The EmDrive was NASA’s attempt at developing a propellant-less rocket engine. According to the EmDrive’s inventors, the engine musters up a bit of thrust by bouncing microwaves from one end to the other of an unevenly-shaped container, creating a difference in radiation pressure and generating drive — although a study earlier this year questioned whether it worked at all.


“I believe that the EmDrive is a manifestation of quantized inertia,” McCulloch said. He said a different set of experiments may produce more powerful QI-powered thrusts.


Before the DARPA grant, announced this month, is used to build experiments, it will fund more theorizing. “The first thing the money will allow me to do is hire a postdoc,” McCulloch said. With the help of a postdoctoral researcher, McCulloch plans on building out and filling in his quantized inertia theory. “We’re going to try to develop a numerical model to make the theory fully predictive,” he said.


After 18 months of theory-building, the grant will help fund experimental teams in Germany and Spain, which will build a pair of thrust-producing experiments. “One such experiment is a shielded laser loop, and another uses asymmetrical mirrors and laser light,” McCulloch said.


If the experiments succeed, as predicted by McCulloch’s theory, researchers will look for ways to enhance the thrusts. Throughout the different phases of research, McColloch hopes to continue to use his ideas to explain and understand observable astronomical data.


“I think that the strength of the theory is that it explains a lot of things on different scales — both at the cosmological level and the level of the laboratory,” he said.


McCulloch’s theory purports to explain cosmological phenomena more accurately than the Standard Model, which relies on the existence of dark matter. Coincidentally or not, he’s faced pushback from some physicists.  “I have gotten a lot of resistance from people who believe in dark matter,” McCulloch said. “They don’t like it at all, as many scientists and universities receive a lot of money to build expensive machines looking for the stuff.”
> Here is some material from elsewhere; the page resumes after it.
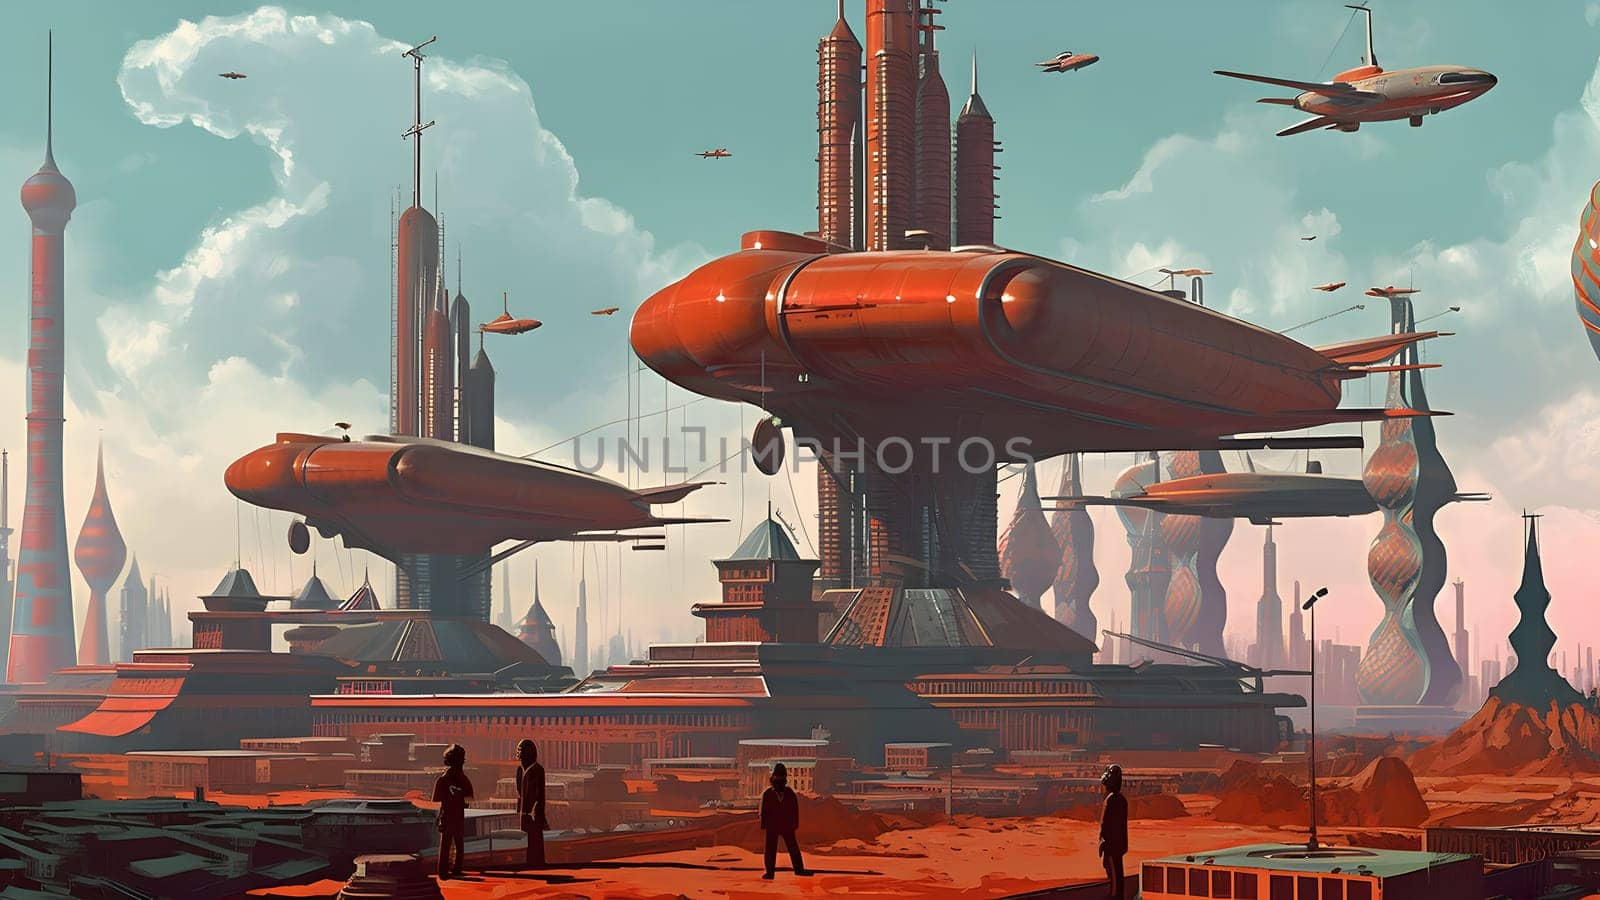 soviet sci-fi futuristic spacecraft art. Neural network generated in May 2023. Not based on any actual person, scene or pattern.

But even if mainstream physicists are reluctant to engage with McCulloch’s ideas, DARPA was interested enough to open the coffers. They might be willing to do so again, should the right idea come along.


“The broad interest in understanding more about how electromagnetic waves and matter interact will continue to stimulate new hypotheses and theories,” Fiddy said. “When these new ideas are relevant to DARPA’s mission and are testable, the agency may well support them.”



Quantum propulsion and light-thrust engines represent a visionary leap in space exploration, promising to revolutionize our understanding of the universe and our place in it. As research and engineering in quantum propulsion continue to progress, we are on the cusp of transforming science fiction into science fact. With continuous acceleration and sustainable propulsion, humanity is poised to venture beyond our solar system and explore the mysteries of the cosmos like never before. The future of space exploration with light-thrust engines is bright, and as we venture forth, we may discover that the stars are no longer out of reach.